“Mise en place”. The forgotten Art of the table!


By my friend Christina Christodoulidou 

If you have watched Pretty Woman film, I am sure that you still vividly remember the restaurant scene where an escargot flew from Julia’s Roberts “pince à escargot” to the Maître d’s hand!!!

The etiquette of using the right piece of cutlery for each course in order not to make a fool of ourselves in formal dinners was and still is skill to be mastered. Unless of course you are Julia Roberts and you can get away with a smile!


This knowledge is even more important from a professional side of view. Using the correct cutlery to set up a table, “la Mise en place” is something that is not generally practiced efficiently in our days.

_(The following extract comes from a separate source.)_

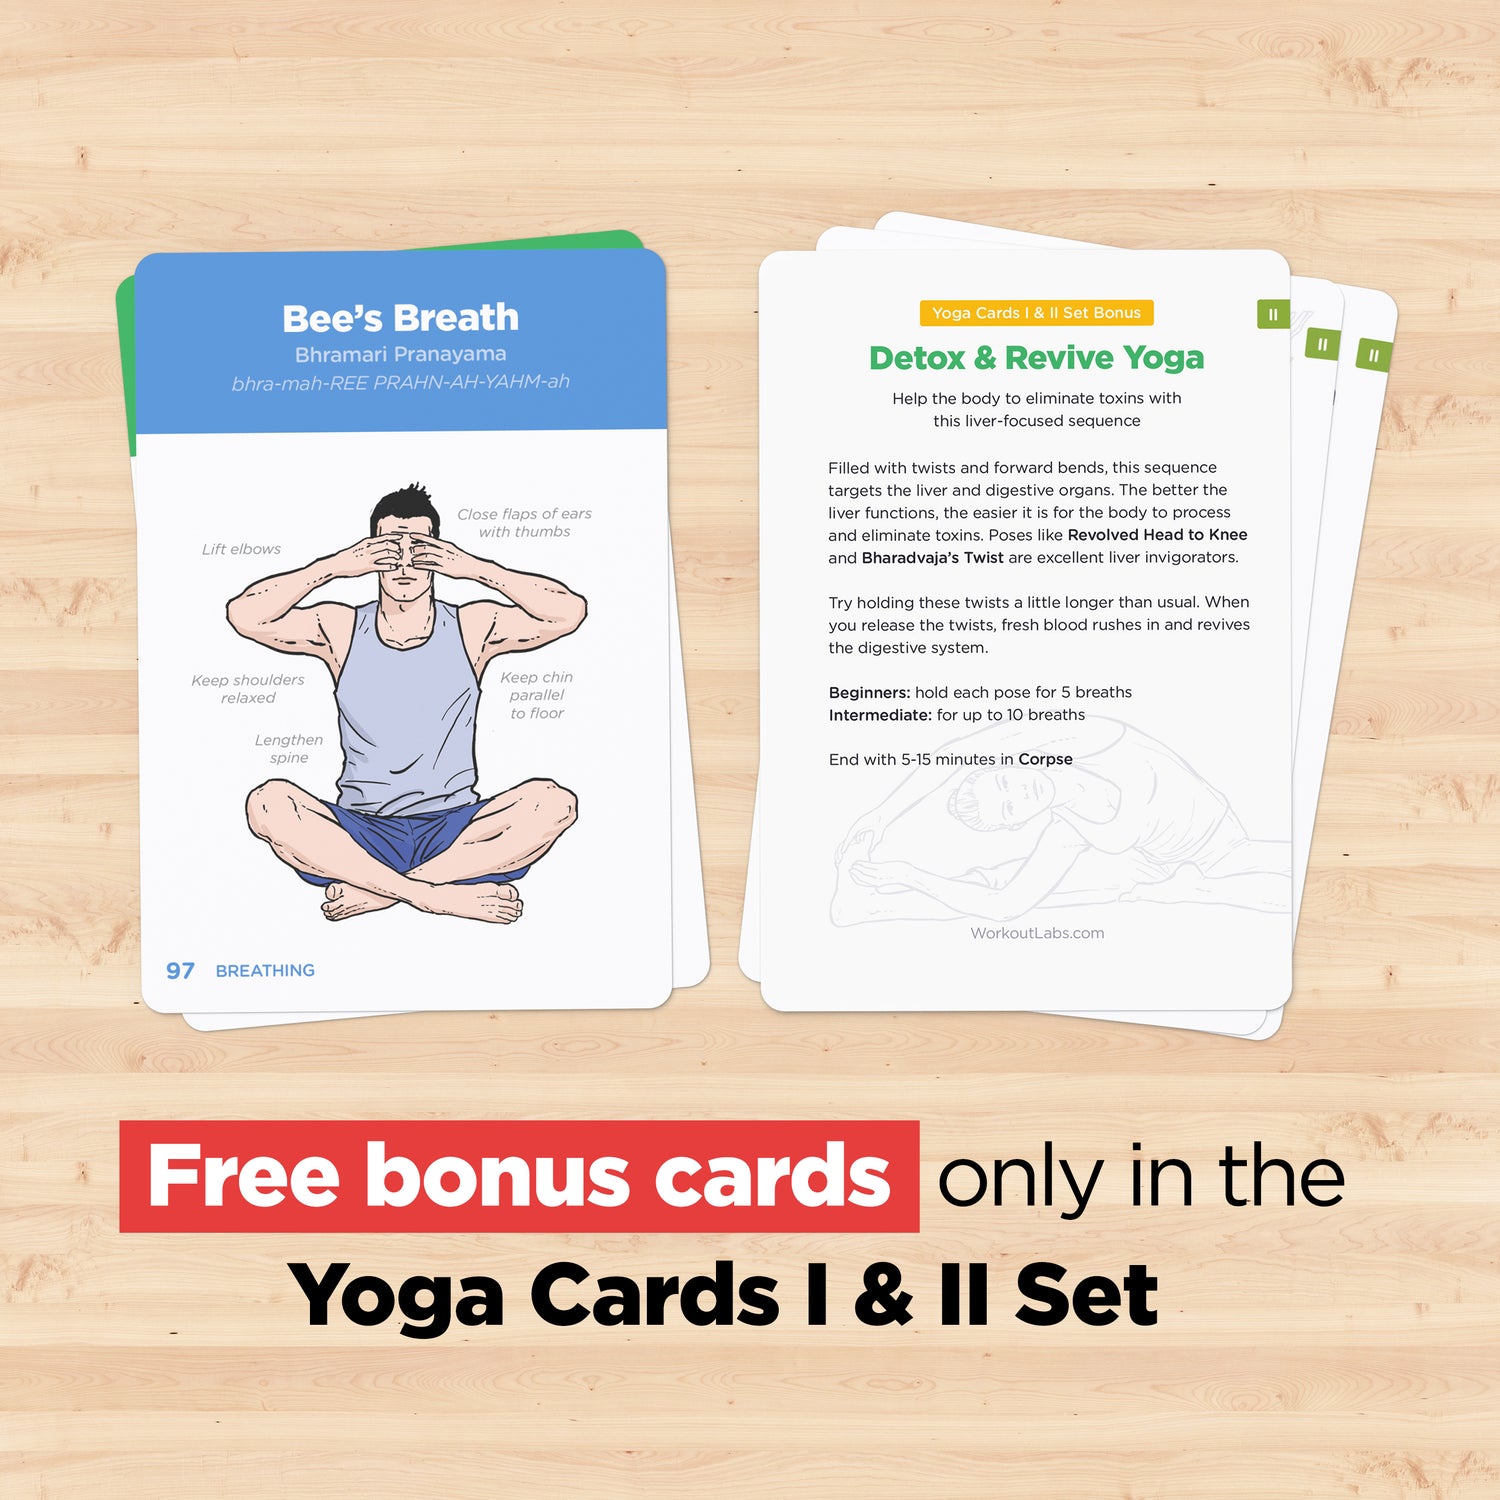 Yoga Cards I & II Set – Study, Sequencing & Practice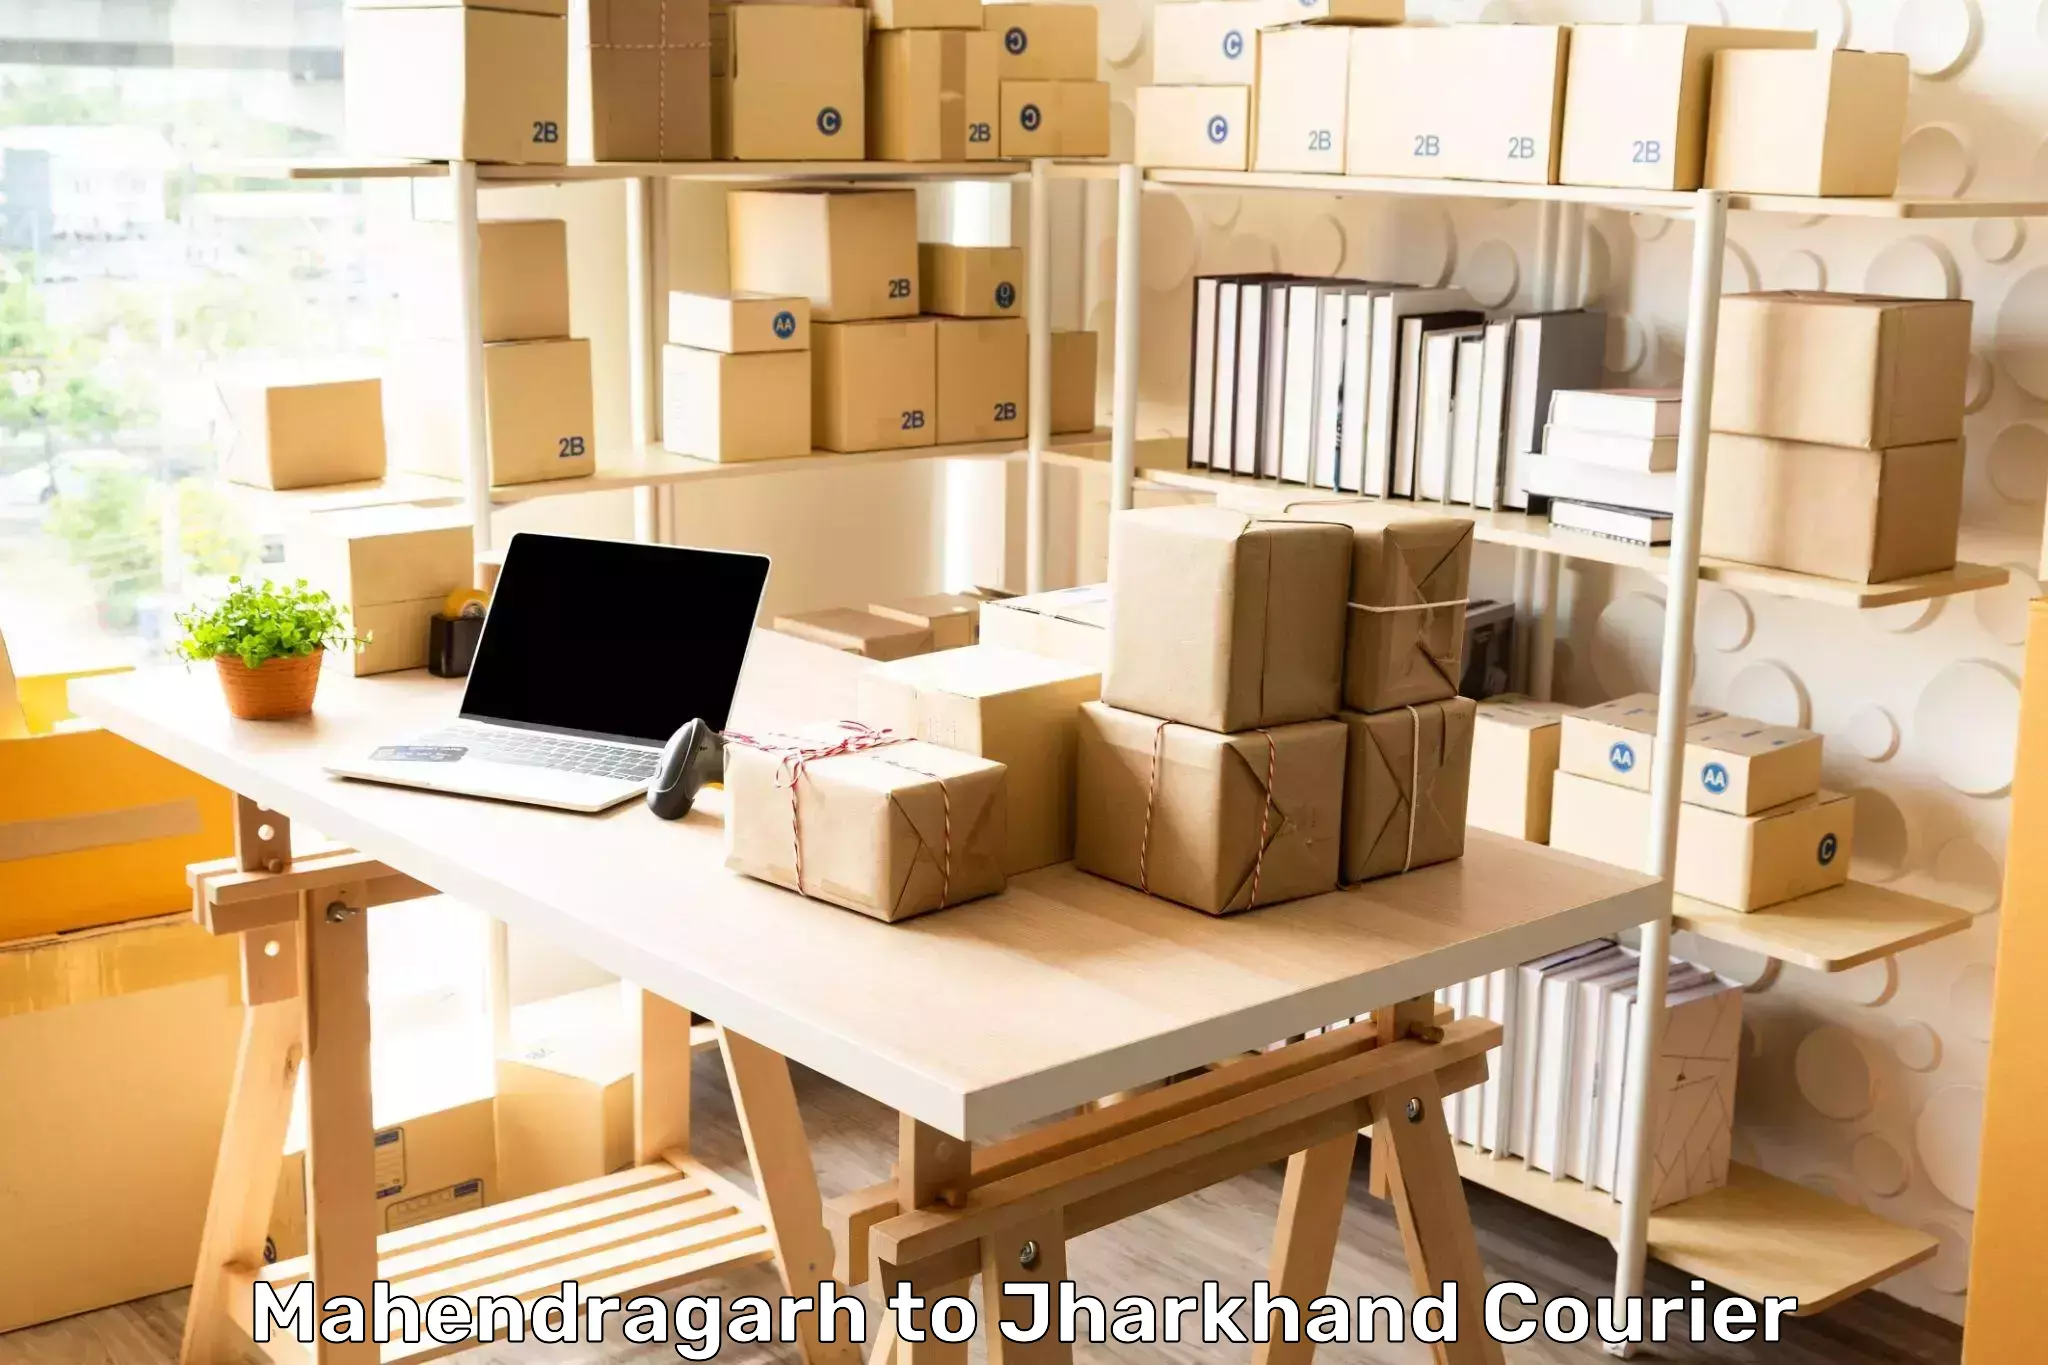 Cargo delivery service Mahendragarh to Jharkhand

Call it lack of time, proper training, or savoir vivre, no or almost no dining experience is so formal anymore unless of course you are invited to the White House or you are playing a scene in Downton Abbey.

Coming to add to the above theory is the fact that in our days the Maître d’ is no longer the most important person in a restaurant. This is the era of the star Chefs whether we are talking about the corner Trattoria or a 3 star Michelin restaurant. They are the ones responsible for the conception, creation and plating of the food that comes to our table ready to be savoured. The only thing the waiters have to do, is carefully deliver it to the guests, without messing up the artful display. So we no longer have the need for table side service, skilful Maître d’s, commis de rang or “pince à escargot” for that matter!

Having said all of the above there are still some basic rules that are quite easy to follow for correctly setting up the table and no worries, I have left the ruler in Carson’s hands!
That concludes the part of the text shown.